Shares of A123 Systems (AONE), a maker of rechargeable lithium-ion batteries and battery systems, shot higher Thursday in their first day of public trading.
Red Hat (RHT) reported second-quarter non-GAAP EPS of $0.20, vs. $0.14, on a 12% revenue rise. Deferred revenue rose 17% to $581 million. Red Hat posted $0.15 GAAP EPS. The company said financial performance was strong across all of its key metrics.
Paychex (PAYX) reported first-quarter EPS of $0.34, vs. $0.41, on a 6% total revenue decline. The company said weak economic conditions, the credit crisis in the financial markets, and extremely low investment rates of return continue to challenge financial results for fiscal 2010. It sees a fiscal 2010 total revenue decline of 2%-5%, and a net income decline of 10%-12%.
McCormick & Co. (MCK) reported third-quarter earnings per share of $0.57, vs. $0.52, on a 1% sales rise (6% in local currency).

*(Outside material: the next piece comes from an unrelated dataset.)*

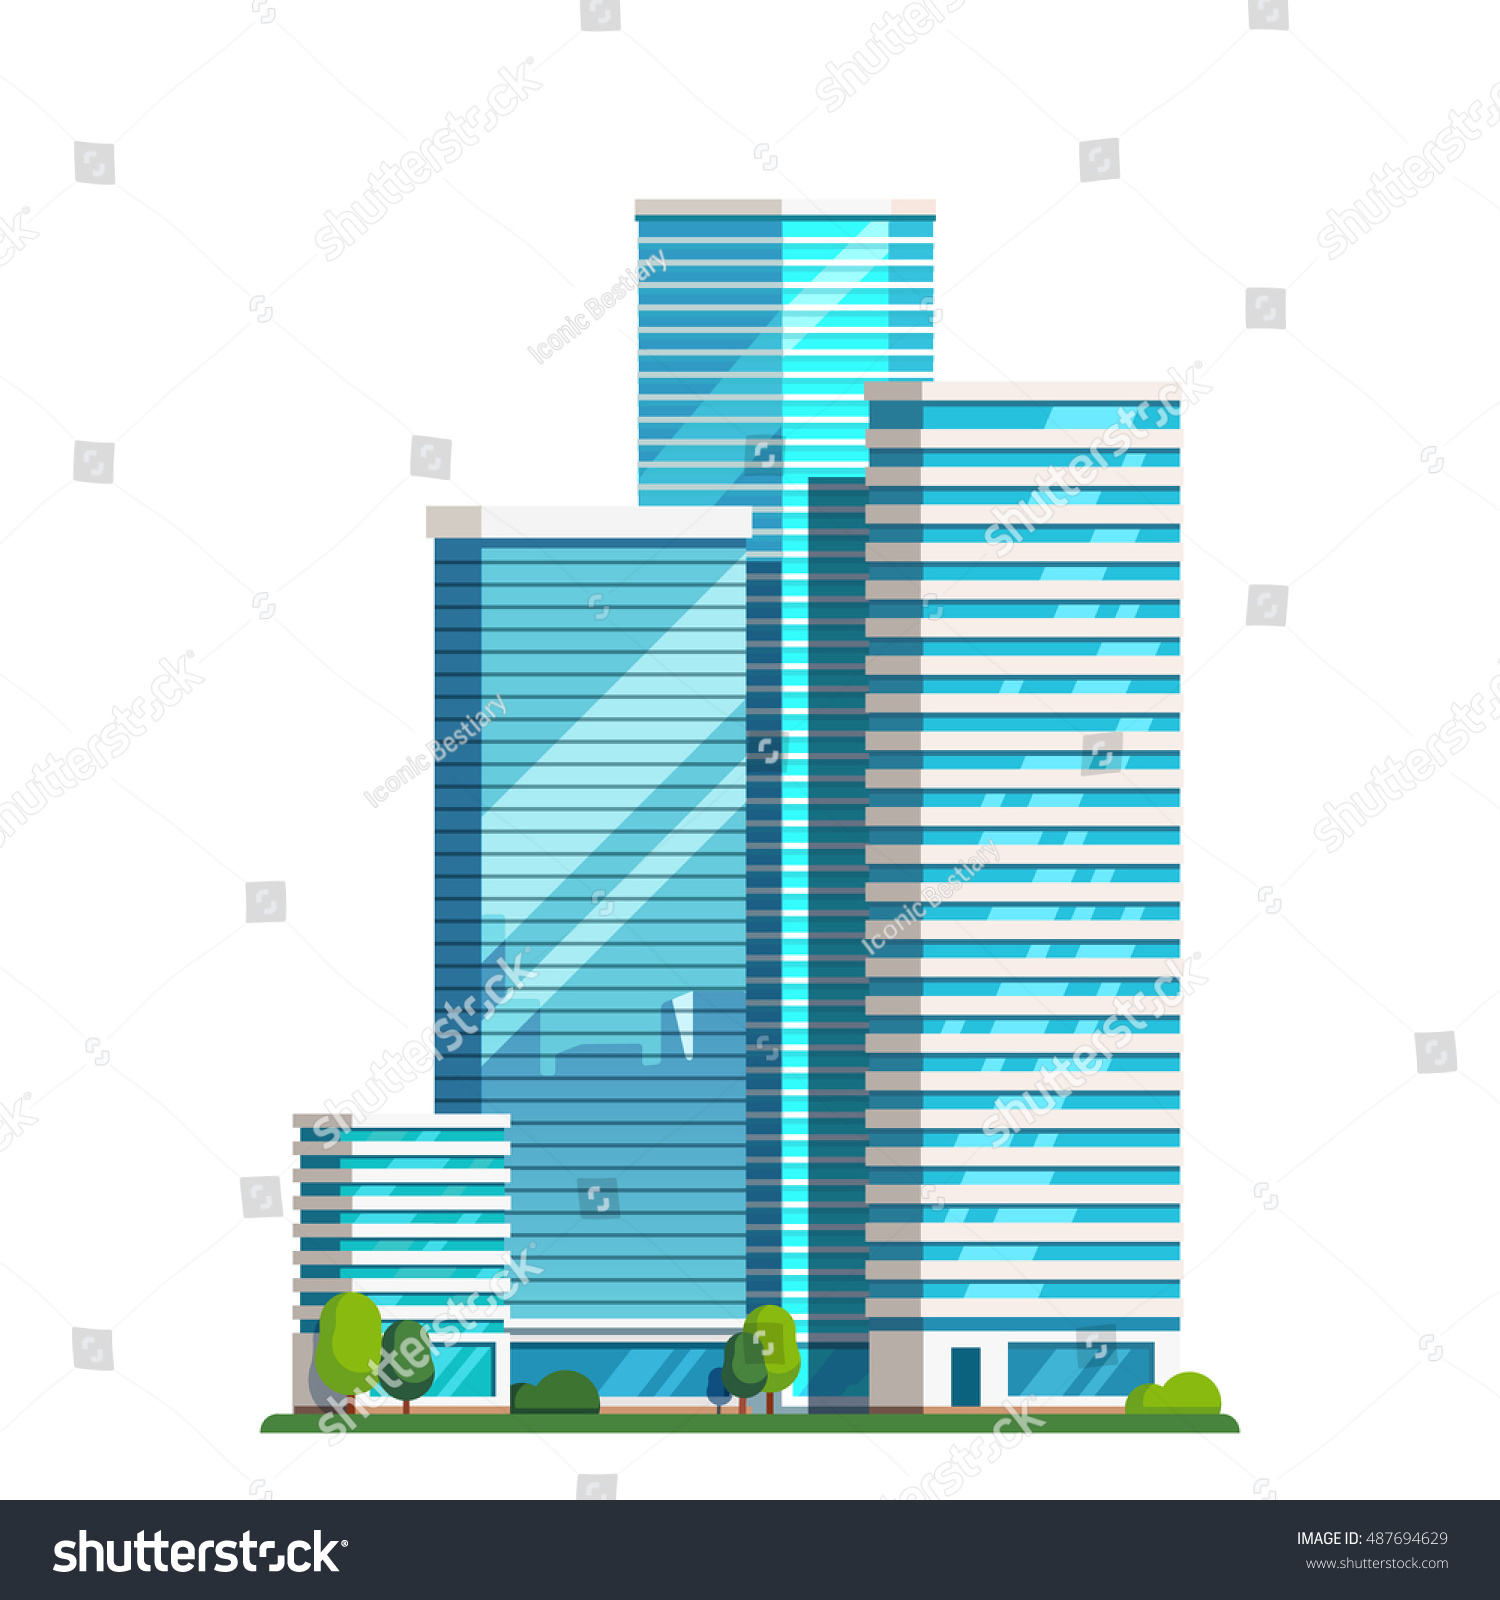 Downtown skyscrapers with skyline reflections on shiny glass facades. Modern flat style vector illustration isolated on white background. #487694629

The company reaffirmed its 2%-3% 2009 sales growth forecast; based on strong year-to-date profit performance and a positive outlook for the upcoming holiday season, the company narrowed its 2009 EPS forecast to $2.26-$2.28 from $2.24-$2.28.
Citigroup (C) may sell or shut some of its 1,001 branches in the U.S. and Canada as the bank shrinks following last year's $45 billion federal bailout, a person familiar with the matter said in a Bloomberg News report.